In the recent decision of Porirua City Council v Ellis [2017] NZHC 784, the High Court upheld the Environment Court's decision on appeal in relation to the fixing of additional changes under section 36 of the RMA. The Environment Court's decision reduced the costs payable for the processing of the appellant's resource consent charged by the Council by $27,891.89 (approximately 35%). This was only the second time that the issue of setting additional changes under section 36 of the RMA has been considered by the High Court.

The High Court followed the established legal steps for fixing additional charges under section 36(4) of the RMA, as confirmed by the High Court previously in Hill Country Corp Ltd v Hastings District Council [2010] NZRMA 539. The Council alleged that the Environment Court had relied on irrelevant considerations, made factual positive finding which were not available on the evidence, and failed to properly consider and apply the statutory power of Councils to recover their actual and reasonable costs, which was not accepted by the High Court.

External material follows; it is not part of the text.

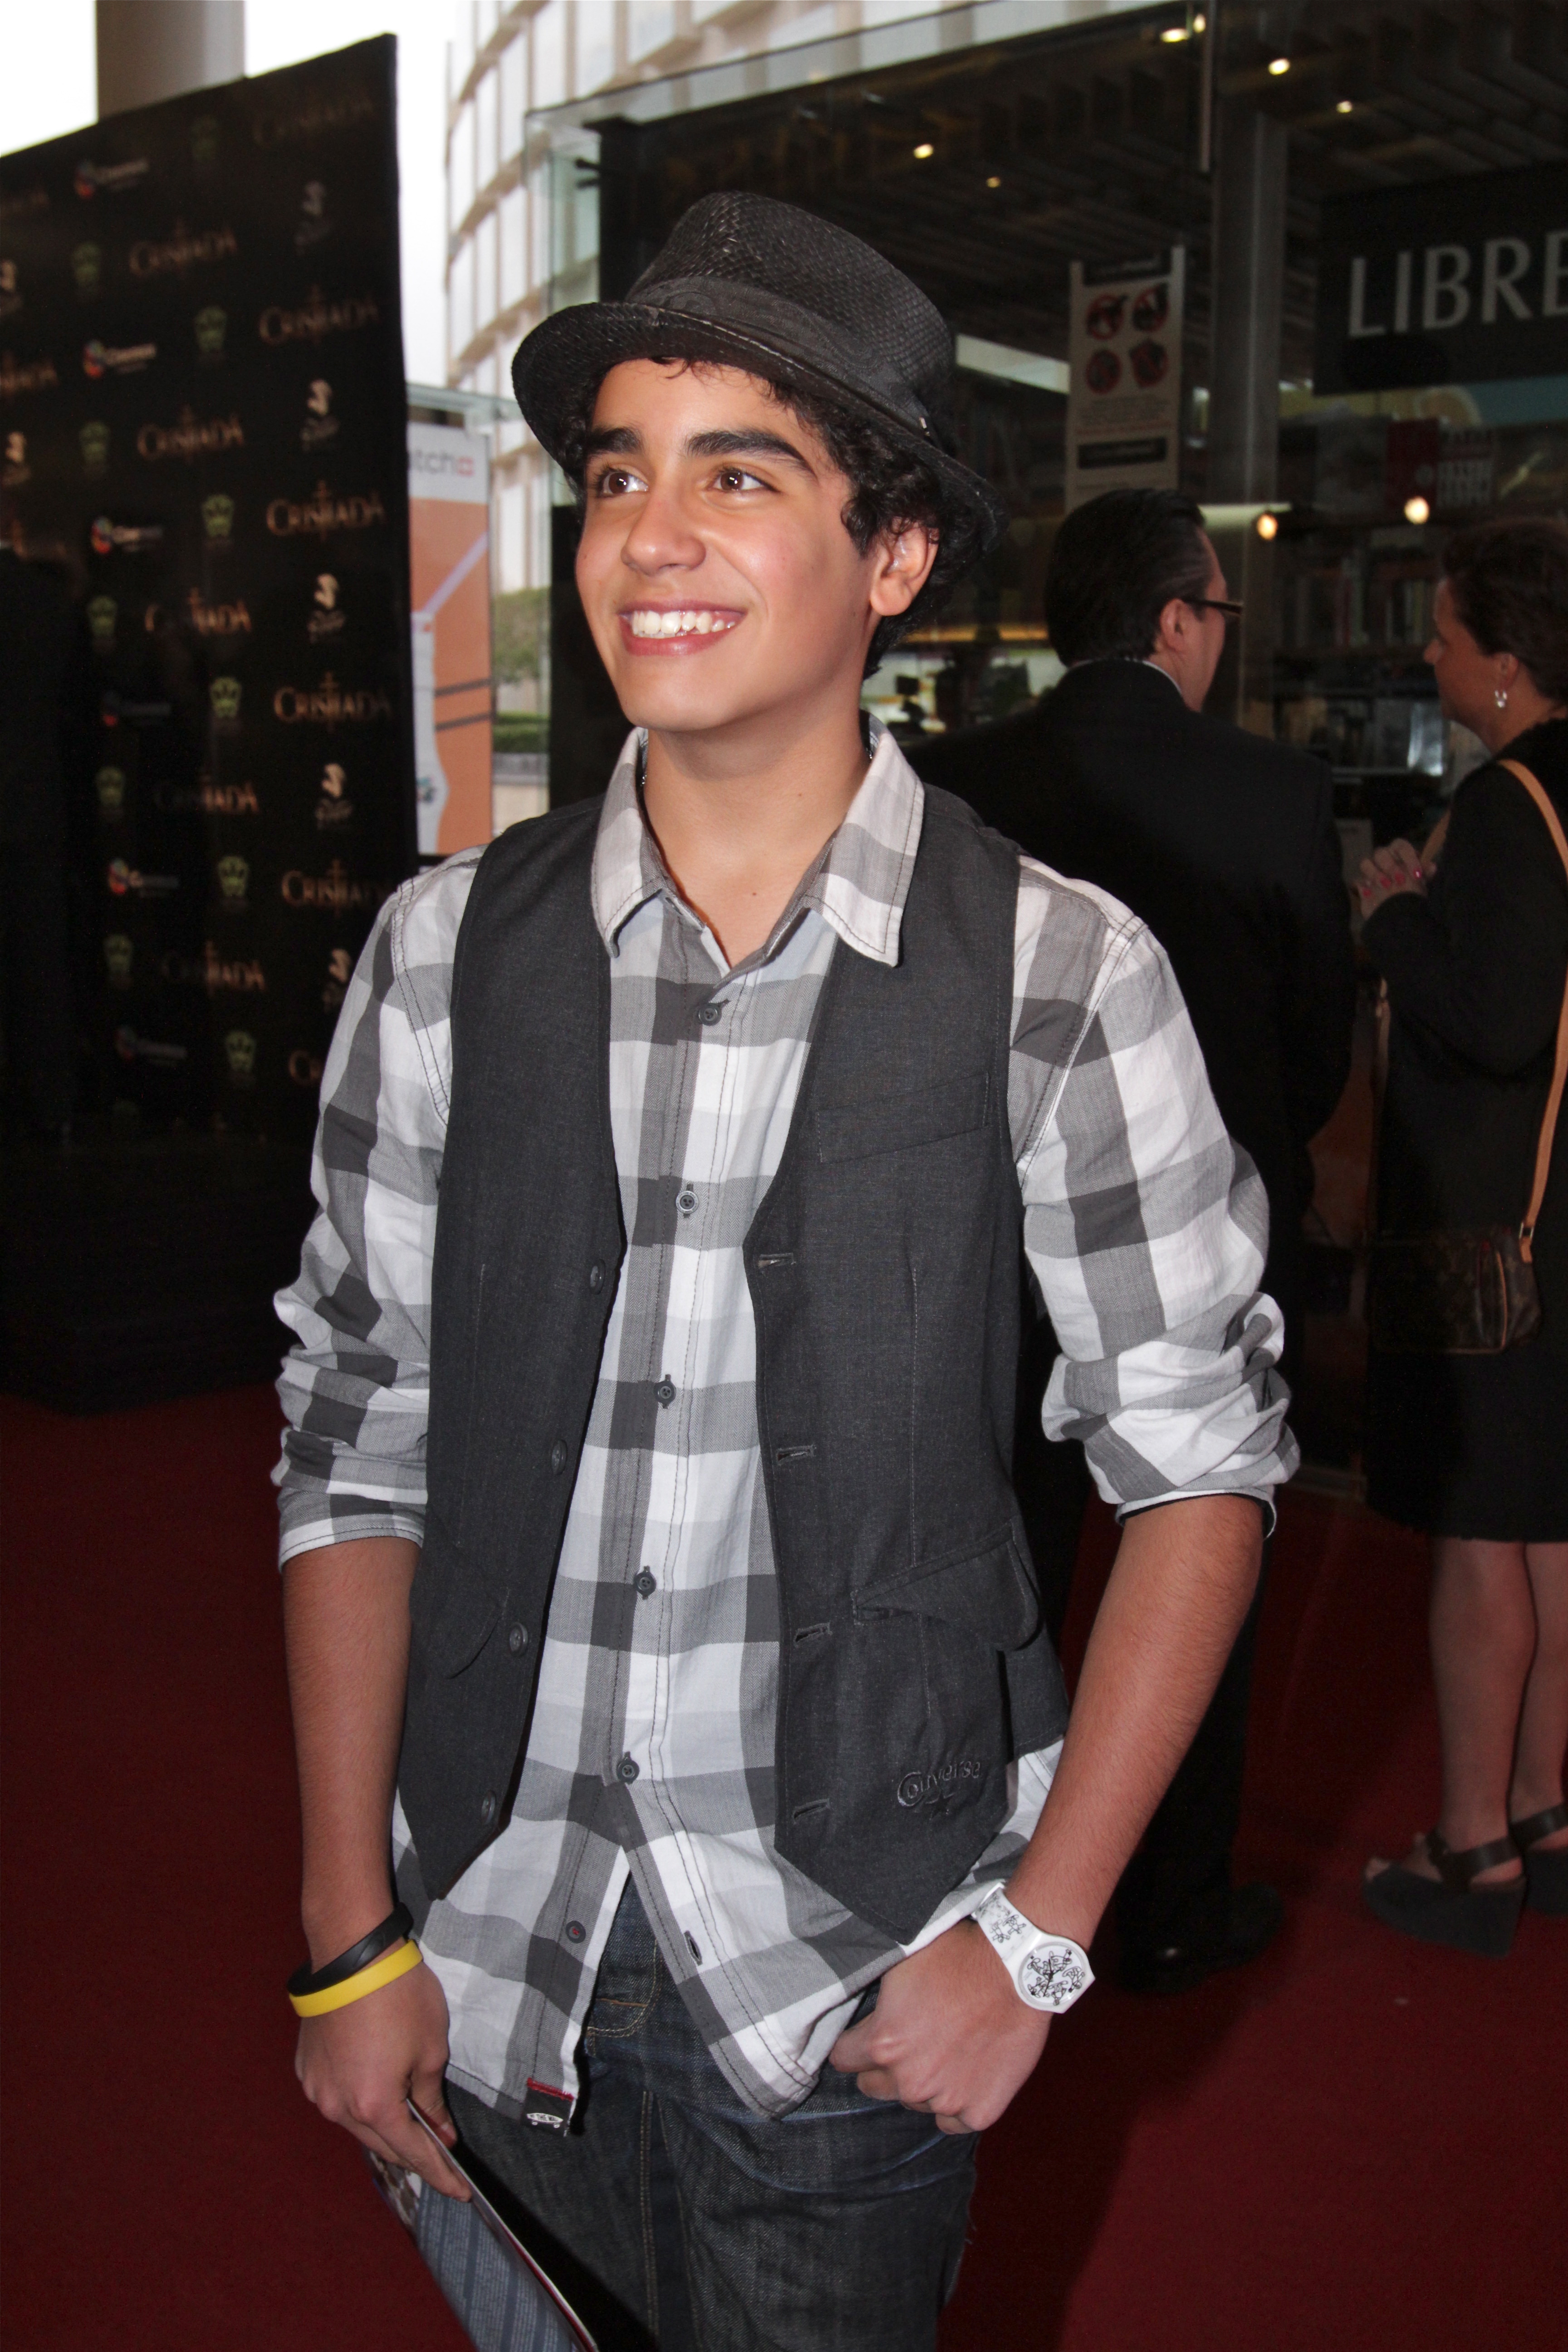 Mauricio at Red Carpet of Cristiada (For Greater Glory) in Mexico.

The High Court emphasised that the key to fixing changes under section 36(4) was that they amount to reasonable costs incurred in processing - not only actual costs. This included consideration of the following matters (in the circumstances of that case):

  • The reasonableness of applying a professional planners hourly charge out rate, rather than a lesser rate for tasks of an administrative nature (even where the charge out rate was set by the Council's Fees Schedule).
  • The time spent on writing the section 42A report, including the analysis of submissions and conducting site visits, which the Court considered in this case was too high.
  • The cost of Council's external experts costs (which was too high) with comparative reference to the costs of the applicant's experts.
  • The Commissioner's costs, considering the length of the hearing (two and a half days), which were too high and unreasonable.
  • Whether the Council has reviewed the charges and considered whether on the whole they are reasonable or whether some portion of the charge should be remitted under section 36(5).
  • The level of costs was not commensurate with the scale and effects of the proposal.The Court considered that "The Council must ensure that the costs are reasonable and reflect a commensurate fee for the size and extent of the benefit obtained by the applicant".
  • Communication with the applicant could be relevant. The Court considered that it would have been fair for the Council to have alerted and kept the applicant up to date at major steps in the resource consent process as to the actual costs as well as providing an estimate of future costs.

All of these factors might be relevant for a Council to consider when fixing additional charges, depending on the facts of the case, with the key emphasis being that the Council's charges must be reasonable in the context of each case.